Un soutien financier majeur pour l’État tunisien
Les transferts des Tunisiens résidant à l'étranger constituent aujourd'hui une source de revenus centrale pour la Tunisie. Après 8,8 milliards de dinars reçus en 2025, ces flux devraient dépasser la barre des 9 milliards de dinars en 2026, a indiqué le président de l'Union tunisienne de l'industrie, du commerce et de l'artisanat (UTICA), Samir Majoul, lors d'une conférence consacrée à la diaspora.
Pour mettre ce chiffre en perspective, le budget de l’État prévu pour 2026 est estimé à environ 62 milliards de dinars. Les transferts des Tunisiens de l'étranger représentent ainsi près de 14,5 % de ce budget — soit, en termes simples, presque un dinar sur sept des dépenses publiques annuelles. Cette contribution place la diaspora parmi les principaux piliers de la balance des paiements et du financement domestique.

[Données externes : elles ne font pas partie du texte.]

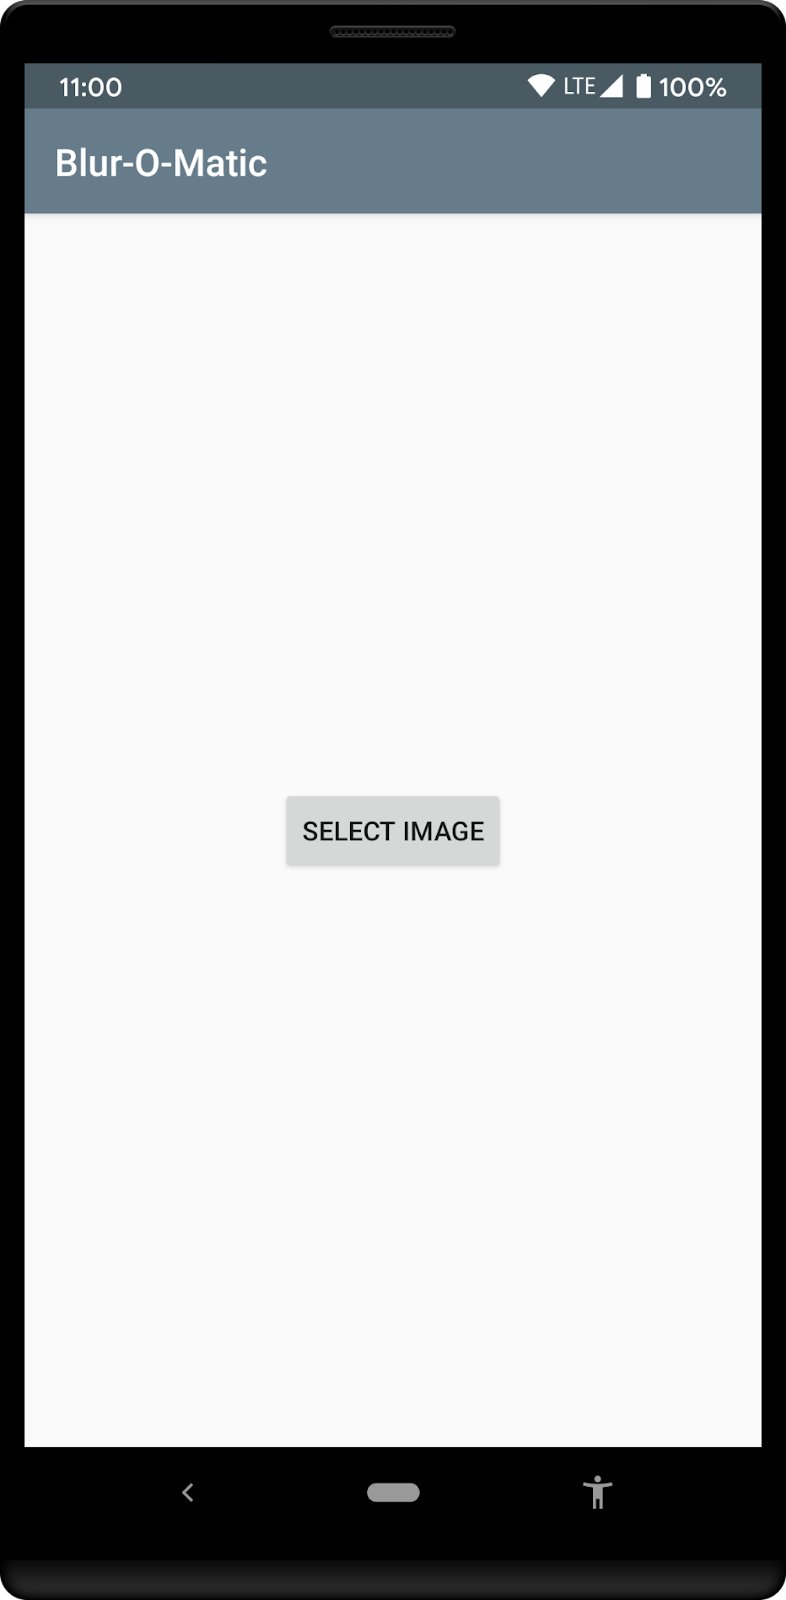 사용자에게 사진 갤러리에서 이미지를 선택하라는 메시지를 표시하는 앱의 시작 화면입니다.

Une ressource financière... et humaine
Au-delà de l'importance purement comptable, la communauté tunisienne à l’étranger, estimée à près de 2 millions de personnes, est présentée comme un réservoir de compétences, de réseaux et d'investisseurs potentiels. Les intervenants à la conférence ont insisté sur la double nature de cet apport : revenus de consommation mais aussi possibilités d'investissements productifs si les conditions sont réunies.
"Nos compétences à l'étranger, une force motrice pour le développement national"
Ce thème, choisi pour la manifestation, illustre la volonté affichée de transformer les transferts en leviers de croissance : l'idée est que les envois ne se limitent pas à soutenir la consommation des ménages, mais qu'une part plus importante soit canalisée vers la création d'entreprises, les projets à forte valeur ajoutée et le financement de l'économie réelle.
Quelles conditions pour transformer les flux en investissements ?
Samir Majoul a plaidé pour des réformes ciblées visant à rendre l'environnement des affaires plus attractif : simplification administrative, mécanismes d'accompagnement renforcés pour les porteurs de projets et facilitation des liens entre entrepreneurs de la diaspora et acteurs locaux. Sans ces améliorations, beaucoup de transferts risquent de rester affectés à la consommation courante, avec un effet limité sur la croissance structurelle.
- Montant attendu en 2026 : plus de 9 milliards de dinars
- Part du budget 2026 : ~14,5 % (sur un budget d'environ 62 milliards)
- Taille de la diaspora : près de 2 millions de Tunisiens à l'étranger
Impacts et enjeux
Sur le court terme, ces transferts soutiennent la demande intérieure et contribuent à la stabilité des comptes extérieurs. Sur le moyen terme, leur conversion en investissements productifs pourrait aider à diversifier l'économie, créer des emplois et renforcer la résilience fiscale. Mais cela suppose des politiques publiques cohérentes pour transformer des revenus privés en capitaux productifs : incitations, sécurité juridique, accompagnement financier et mise en réseau des compétences.
| Indicateur | Valeur |
|---|---|
| Transferts 2025 | 8,8 milliards de dinars |
| Prévision 2026 | > 9 milliards de dinars |
| Budget 2026 (prévision) | ~62 milliards de dinars |
| Part des transferts dans le budget | ~14,5 % |
En conclusion, la solidarité financière de la diaspora est un atout indéniable pour la Tunisie. La question centrale pour les autorités et le secteur privé est désormais de savoir comment canaliser une part significative de ces flux vers des projets durables qui soutiendront la croissance et réduire la dépendance aux transferts comme unique soupape de soutien macroéconomique.